ABOUT THIS TASK:
This task calls for copying every line in the data below that contains the word "Images".

INPUT FOR THIS TASK:
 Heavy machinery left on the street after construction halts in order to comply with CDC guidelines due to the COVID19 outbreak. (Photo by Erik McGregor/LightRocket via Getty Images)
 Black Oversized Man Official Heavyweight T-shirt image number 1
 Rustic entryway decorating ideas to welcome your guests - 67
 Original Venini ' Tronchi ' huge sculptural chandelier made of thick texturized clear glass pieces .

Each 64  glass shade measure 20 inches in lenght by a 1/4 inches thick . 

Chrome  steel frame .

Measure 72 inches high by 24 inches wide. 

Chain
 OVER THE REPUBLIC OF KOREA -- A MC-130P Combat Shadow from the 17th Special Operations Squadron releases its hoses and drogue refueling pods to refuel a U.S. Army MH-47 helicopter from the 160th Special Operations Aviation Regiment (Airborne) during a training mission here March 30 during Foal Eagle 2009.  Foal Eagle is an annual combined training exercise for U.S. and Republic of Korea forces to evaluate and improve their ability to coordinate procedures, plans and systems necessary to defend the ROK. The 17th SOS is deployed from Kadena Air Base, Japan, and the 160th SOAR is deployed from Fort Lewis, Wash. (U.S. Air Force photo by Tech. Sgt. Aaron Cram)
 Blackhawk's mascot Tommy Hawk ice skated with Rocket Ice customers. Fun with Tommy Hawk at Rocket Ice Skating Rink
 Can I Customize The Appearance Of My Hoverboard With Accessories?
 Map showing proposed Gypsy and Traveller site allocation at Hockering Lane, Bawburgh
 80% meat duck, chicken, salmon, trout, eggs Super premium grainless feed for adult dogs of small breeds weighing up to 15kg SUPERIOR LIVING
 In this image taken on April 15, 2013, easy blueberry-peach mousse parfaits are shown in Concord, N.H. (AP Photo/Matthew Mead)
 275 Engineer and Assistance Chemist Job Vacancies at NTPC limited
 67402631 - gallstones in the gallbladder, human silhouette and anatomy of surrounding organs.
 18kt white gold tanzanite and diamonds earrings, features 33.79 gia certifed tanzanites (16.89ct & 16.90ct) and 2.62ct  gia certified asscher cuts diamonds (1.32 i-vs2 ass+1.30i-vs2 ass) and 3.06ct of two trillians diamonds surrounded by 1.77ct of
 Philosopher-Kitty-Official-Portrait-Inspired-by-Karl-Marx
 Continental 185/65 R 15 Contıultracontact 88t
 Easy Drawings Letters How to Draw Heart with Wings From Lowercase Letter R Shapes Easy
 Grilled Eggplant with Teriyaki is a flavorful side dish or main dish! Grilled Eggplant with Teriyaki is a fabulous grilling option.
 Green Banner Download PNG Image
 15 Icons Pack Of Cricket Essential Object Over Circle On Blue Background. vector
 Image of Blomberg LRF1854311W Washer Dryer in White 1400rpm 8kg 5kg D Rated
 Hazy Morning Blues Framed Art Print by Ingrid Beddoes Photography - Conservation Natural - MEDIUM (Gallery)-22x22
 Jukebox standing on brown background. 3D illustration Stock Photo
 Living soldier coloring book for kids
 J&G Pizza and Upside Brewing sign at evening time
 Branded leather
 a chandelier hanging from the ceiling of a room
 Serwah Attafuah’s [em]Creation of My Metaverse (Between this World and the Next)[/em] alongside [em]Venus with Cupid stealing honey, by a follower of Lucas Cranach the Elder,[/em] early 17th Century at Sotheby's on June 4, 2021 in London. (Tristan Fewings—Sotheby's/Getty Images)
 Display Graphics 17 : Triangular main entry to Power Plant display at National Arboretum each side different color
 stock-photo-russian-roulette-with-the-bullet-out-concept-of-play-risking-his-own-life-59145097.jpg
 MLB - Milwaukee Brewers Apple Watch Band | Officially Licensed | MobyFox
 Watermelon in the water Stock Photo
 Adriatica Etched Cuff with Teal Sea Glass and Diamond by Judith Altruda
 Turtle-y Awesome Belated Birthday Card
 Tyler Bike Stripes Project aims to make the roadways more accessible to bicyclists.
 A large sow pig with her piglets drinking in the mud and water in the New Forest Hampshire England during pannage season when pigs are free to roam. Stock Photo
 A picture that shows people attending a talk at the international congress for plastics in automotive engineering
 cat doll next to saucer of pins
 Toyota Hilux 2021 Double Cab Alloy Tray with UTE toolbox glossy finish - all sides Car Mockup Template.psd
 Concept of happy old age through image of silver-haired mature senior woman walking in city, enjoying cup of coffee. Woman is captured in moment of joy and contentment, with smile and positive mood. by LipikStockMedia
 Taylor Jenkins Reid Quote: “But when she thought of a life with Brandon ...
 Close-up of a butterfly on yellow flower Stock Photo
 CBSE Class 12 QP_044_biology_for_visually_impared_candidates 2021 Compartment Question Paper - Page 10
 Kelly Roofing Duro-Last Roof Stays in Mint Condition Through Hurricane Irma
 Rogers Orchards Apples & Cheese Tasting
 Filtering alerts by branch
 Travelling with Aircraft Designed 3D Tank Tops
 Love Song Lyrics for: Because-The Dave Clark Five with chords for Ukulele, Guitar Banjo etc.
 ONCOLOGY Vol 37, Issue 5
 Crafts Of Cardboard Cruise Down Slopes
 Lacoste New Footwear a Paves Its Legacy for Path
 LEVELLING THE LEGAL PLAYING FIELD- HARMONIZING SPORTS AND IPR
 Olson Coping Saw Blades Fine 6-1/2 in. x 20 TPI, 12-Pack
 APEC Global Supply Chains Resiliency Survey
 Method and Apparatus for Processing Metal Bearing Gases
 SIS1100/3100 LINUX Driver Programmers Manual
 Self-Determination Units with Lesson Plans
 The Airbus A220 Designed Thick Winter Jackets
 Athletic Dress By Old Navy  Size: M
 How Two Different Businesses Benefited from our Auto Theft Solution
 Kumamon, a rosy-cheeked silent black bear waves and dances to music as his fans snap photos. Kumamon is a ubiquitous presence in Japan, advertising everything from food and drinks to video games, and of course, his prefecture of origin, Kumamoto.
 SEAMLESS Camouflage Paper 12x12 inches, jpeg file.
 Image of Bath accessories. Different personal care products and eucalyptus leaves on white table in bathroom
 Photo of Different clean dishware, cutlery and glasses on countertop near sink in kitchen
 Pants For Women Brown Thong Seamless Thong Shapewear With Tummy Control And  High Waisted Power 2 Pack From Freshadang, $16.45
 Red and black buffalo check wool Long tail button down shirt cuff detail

RESPONSE TO THE TASK:
 Heavy machinery left on the street after construction halts in order to comply with CDC guidelines due to the COVID19 outbreak. (Photo by Erik McGregor/LightRocket via Getty Images)
 Serwah Attafuah’s [em]Creation of My Metaverse (Between this World and the Next)[/em] alongside [em]Venus with Cupid stealing honey, by a follower of Lucas Cranach the Elder,[/em] early 17th Century at Sotheby's on June 4, 2021 in London. (Tristan Fewings—Sotheby's/Getty Images)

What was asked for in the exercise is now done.